Me encuentro de
pronto este fragmento en La insoportable
levedad del ser, de Milan Kundera (¿por qué diablos no leí esta novela
cuando la leyó todo el mundo?)
“Se dio cuenta de que desde su infancia no hace otra cosa que hablar, escribir, dar conferencias, inventar frases, buscar expresiones, corregirlas, de modo que al final no hay palabras precisas, su sentido se difumina, pierden su contenido y se convierten en residuos, hierbajos, polvo, arena que vaga por su cerebro, que le duele en la cabeza, que es su insomnio, su enfermedad. Y en ese momento sintió el anhelo, oscuro y poderoso, de una música inmensa, de un ruido absoluto, un bullicio hermoso y alegre que lo abrace, lo inunde y lo ensordezca todo y en el que desaparezca para siempre el dolor, la vanidad y el nihilismo de las palabras. ¡La música, la negación de las frases, la música, la anti-palabra!” (Traducción de Fernando de Valenzuela)
Y de pronto
siento la exaltación del reconocimiento, el mayor placer que procura la lectura,
y me digo que sí, que es eso mismo, y en la primera hoja en blanco del libro,
la que siempre he usado para anotar a lápiz la página donde encontrar más tarde una frase
o un pasaje concretos, escribo “hastío de palabras”, y yo me entiendo: esa sensación
es mía desde hace tiempo, la de tener la mente habitada por un caos de palabras
posibles e imposibles; reconozco esa infatigable actividad cerebral de escribirinventarbuscarcorrigir
palabras, reconozco esa permanente ebullición de palabras que son o podrían ser
un hilo del que tirar para tejer un párrafo, un borbotón de palabras
encadenadas a mí, trabadas a mis sentidos, embotelladas en un cruce de palabras;
palabras menos precisas de lo que se quisiera, medias palabras, palabras sin
honor, palabras mercenarias, palabras odiosas porque me alejan de otras palabras
más mías, palabras escurridizas, un mármol de palabras por tallar, paraules d’amor
a las que uno da cientos de vueltas y luego no llega a decir nunca, palabras
que pierden su contenido, como bien dice Kundera, una maraña de significantes
sin significado, perras negras, como decía Cortázar - siempre Julio-, pero
ladrando en la habitación de al lado, ladrando todo el tiempo, desde la infancia,
es cierto, Franz –el personaje se llama Franz-, desde niño, resulta agotador.
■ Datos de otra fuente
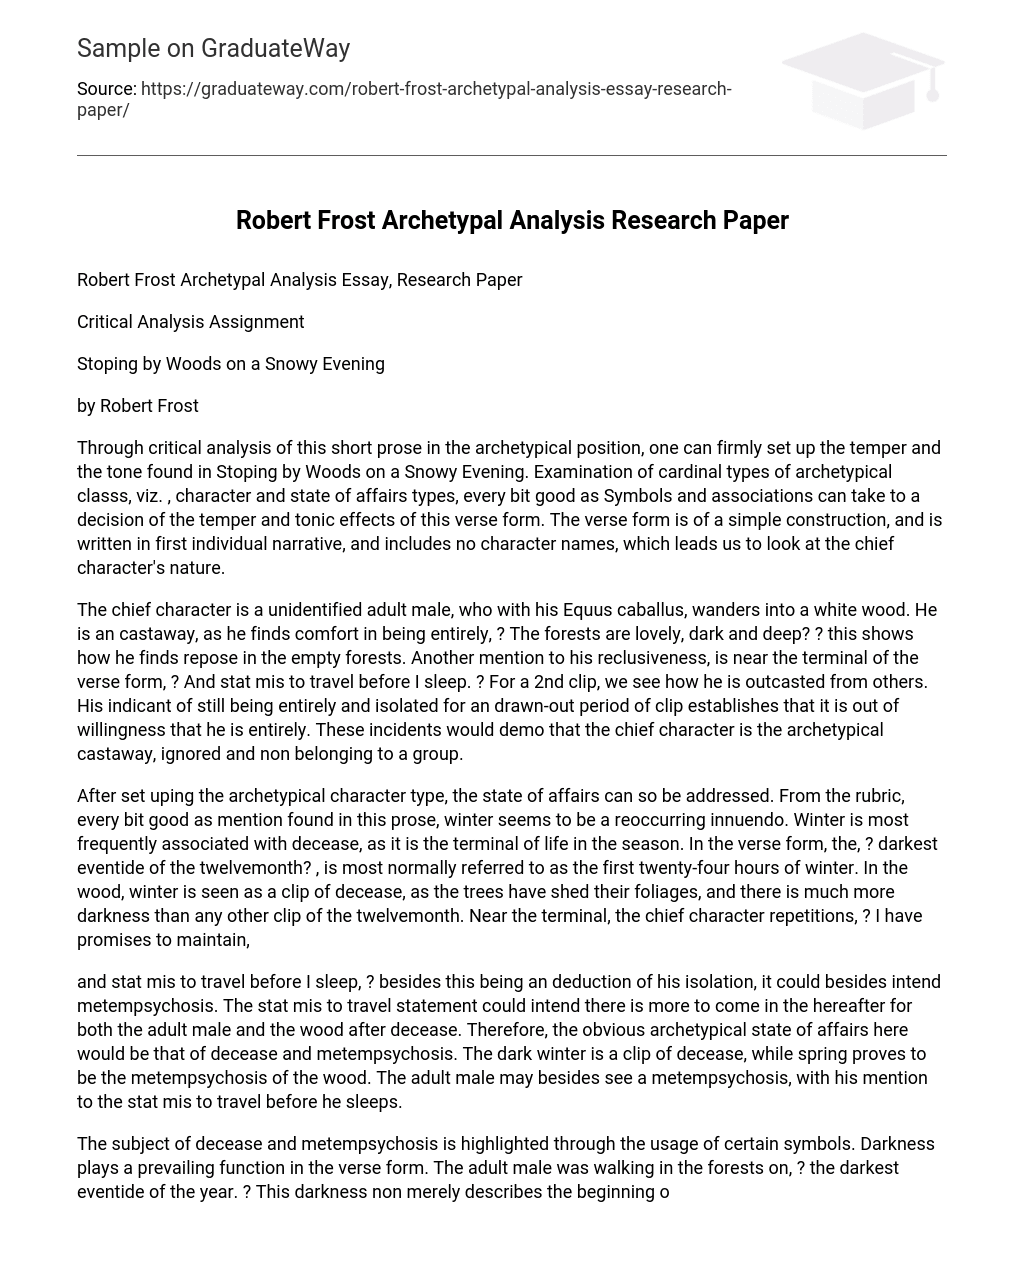 Robert Frost Archetypal Analysis Research Paper

Y
aún así no deseo “ese ruido absoluto” que las ahogaría. A veces me sirve la música,
sí, la música que amo, pongamos Radio
Clásica ceñida a mis oídos, pongamos El secreto de las musas hasta las ocho, camino del trabajo, un hermosísima
banda sonora de vihuela, tiorba o laúd cuyas cuerdas pulsadas trato de imaginar
para visionar objetos, no la palabra que los designa, para pensar en mis
sentimientos, no en la manera de expresarlos… Pongamos Clásicos del jazz y del swing cuando regreso, a partir de las tres
de la tarde. A veces me sirve, sí: ya dijo Aldous Huxley que después del
silencio, lo que más se acerca a expresar lo inexpresable es la música. Pero ya
he comprobado que sólo el propio silencio silencia ese pandemónium de palabras
que es mi cabeza, un silencio perfecto,
hermético, absoluto, como el que experimenté este mes de agosto en la iglesia
gótica del Real Monasterio de Santa Clara, en Tordesillas. Fueron sólo unos
segundos, el tiempo que tardó la guía en considerar que ya podía empezar su explicación,
pero resultó de una intensidad tal que sentí la sangre en mis oídos y un
ahogo en el pecho y un maravilloso, reconfortante vacío de palabras.